Given information
Segment Open

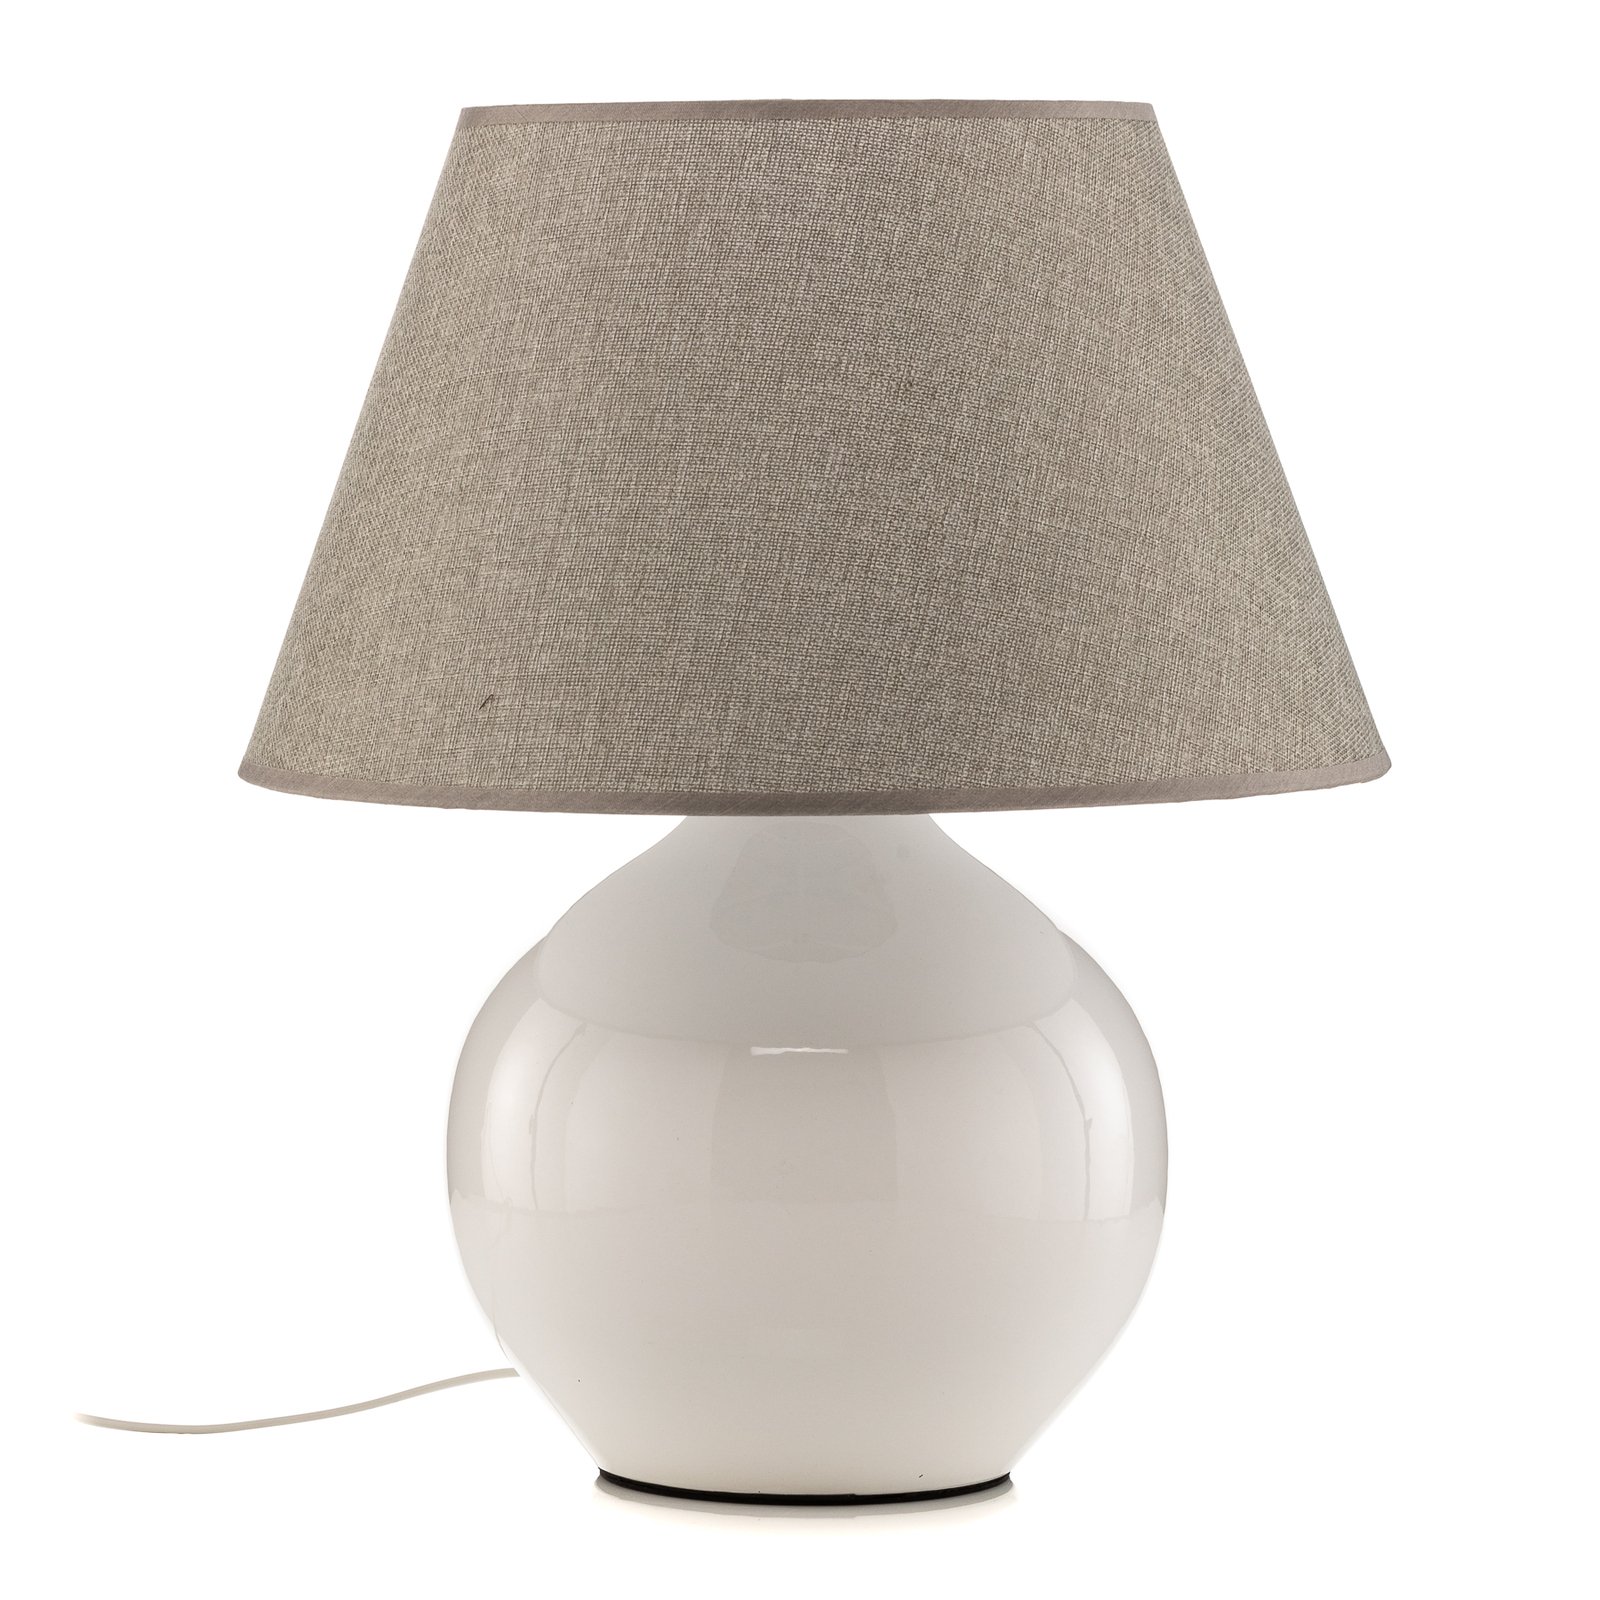 Stolní lampa Sfera, výška 53 cm, bílá/šedá
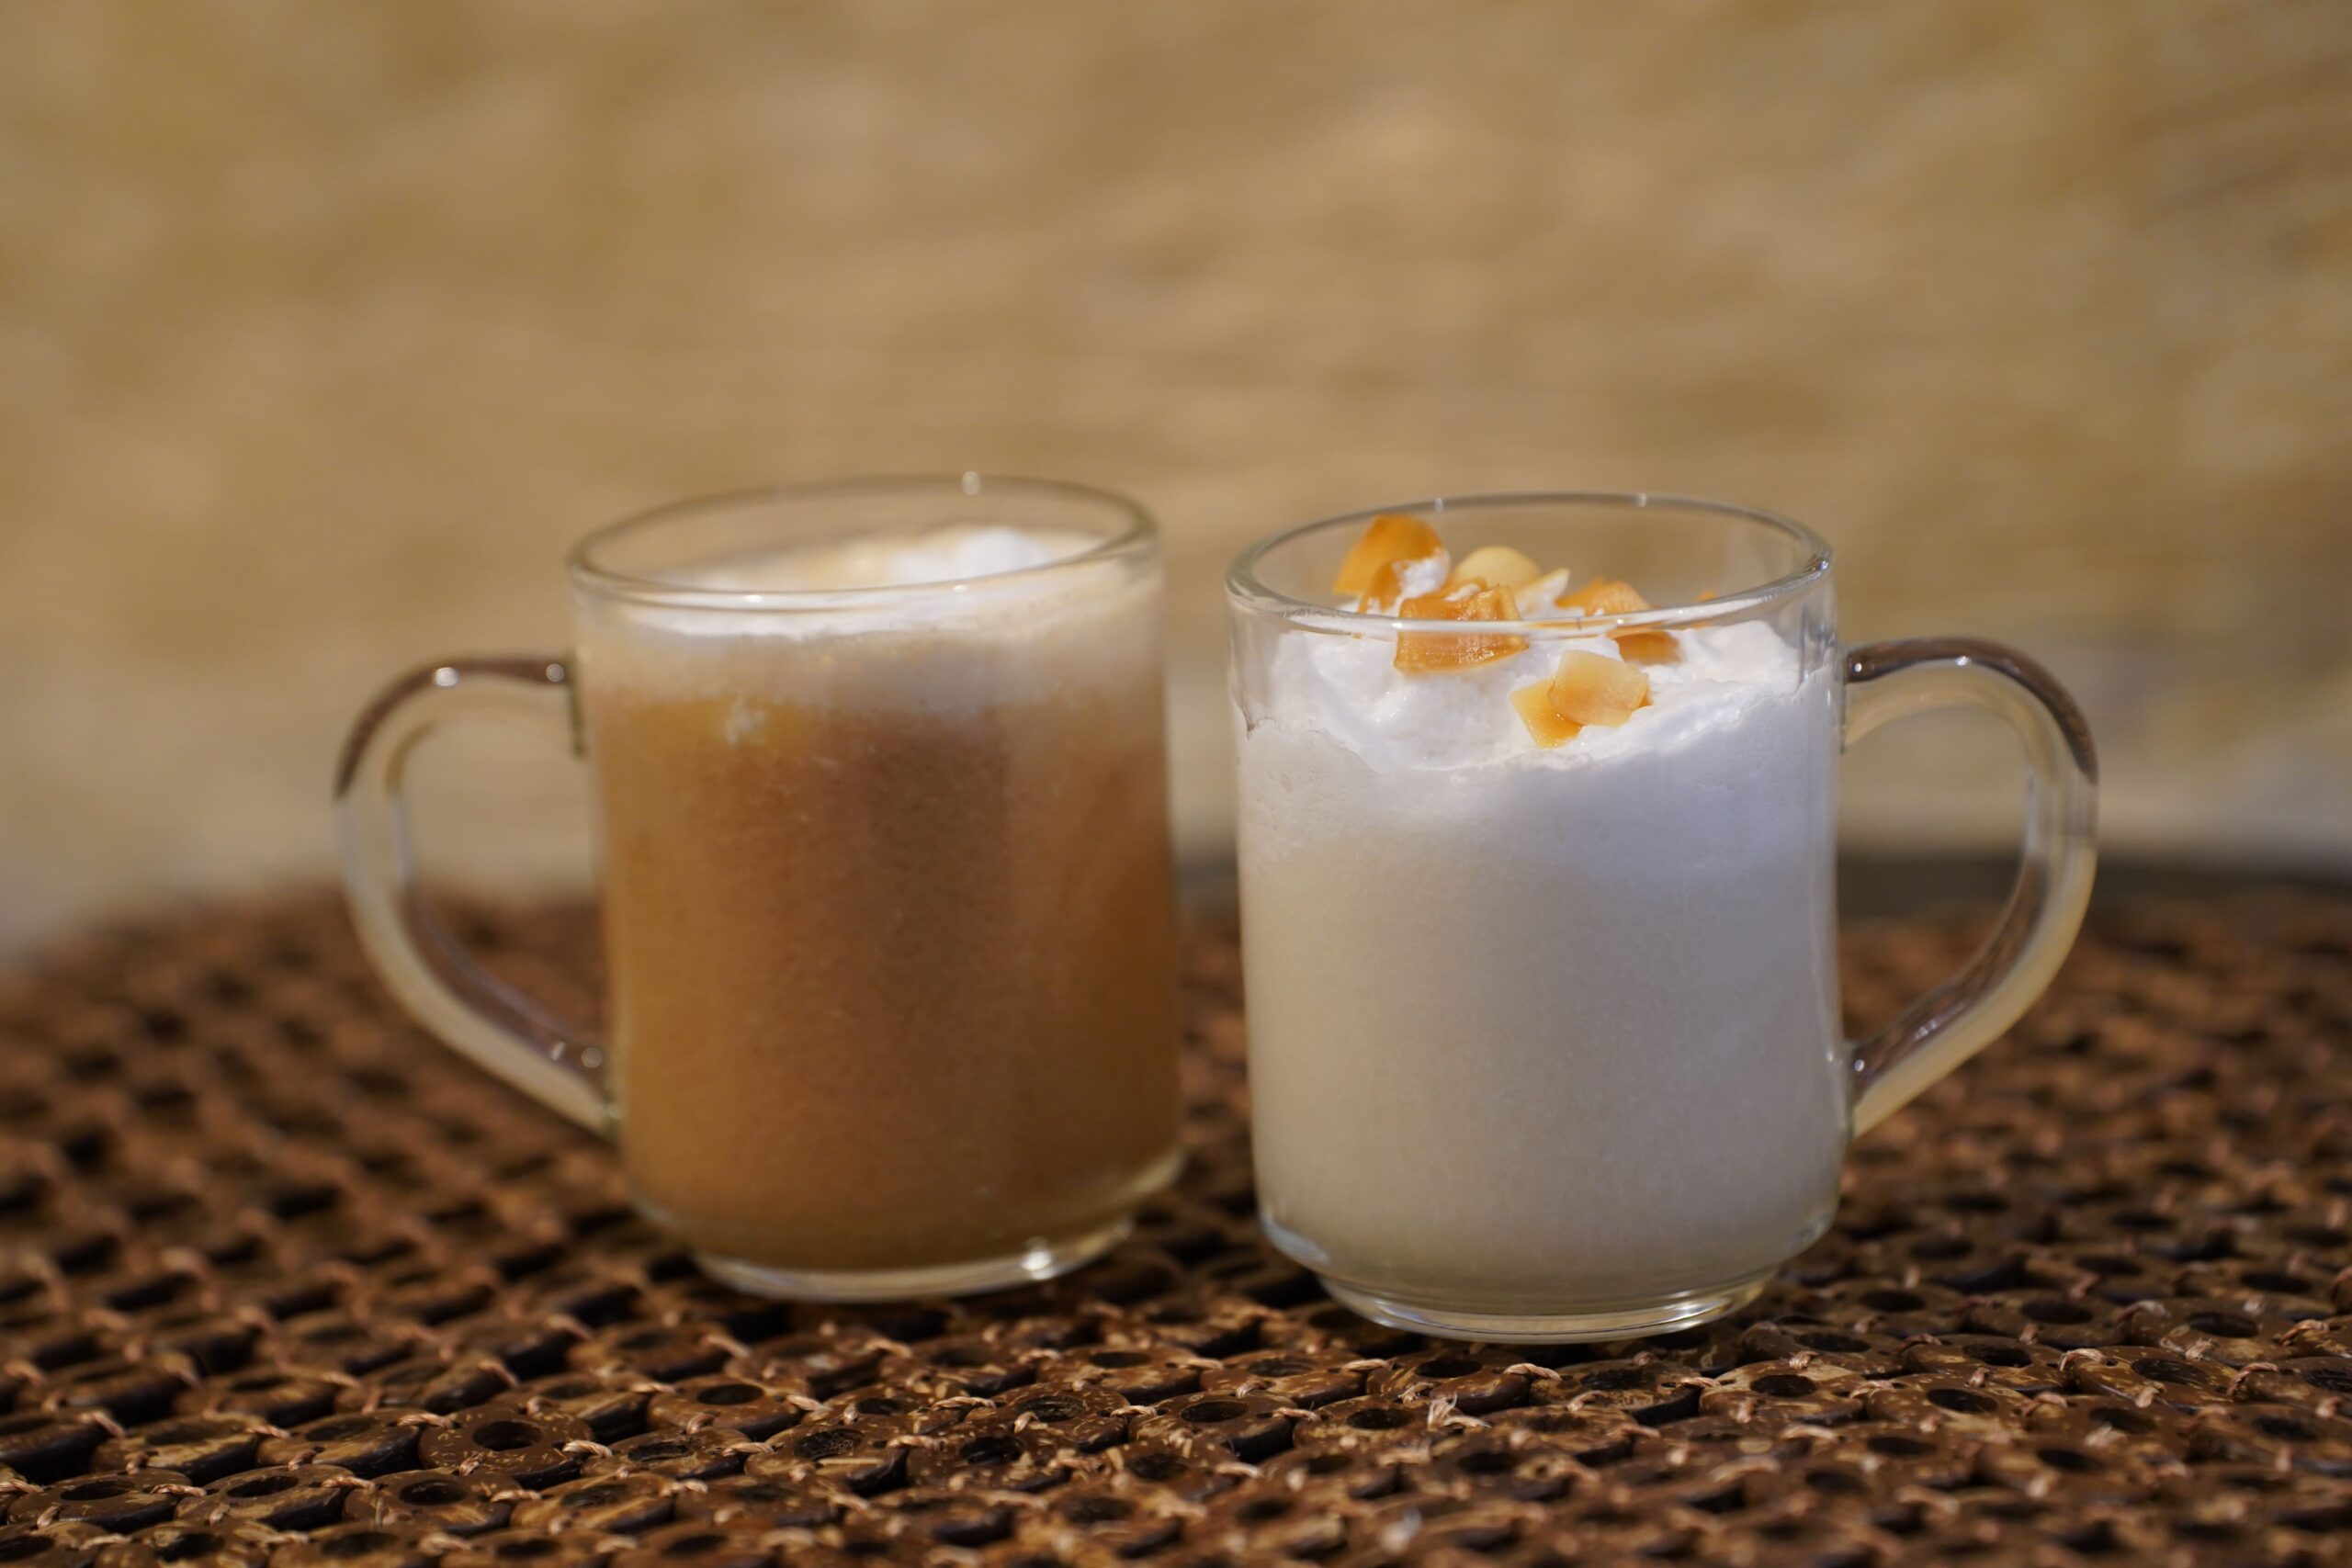 写真右：ホットココナッツミルク
写真左：プレミアムココナッツミルクティー

Segment Closed

Instructions for the task
With the images excluded, reproduce the data above precisely as written.

Result of the task
 Stolní lampa Sfera, výška 53 cm, bílá/šedá
 写真右：ホットココナッツミルク
写真左：プレミアムココナッツミルクティー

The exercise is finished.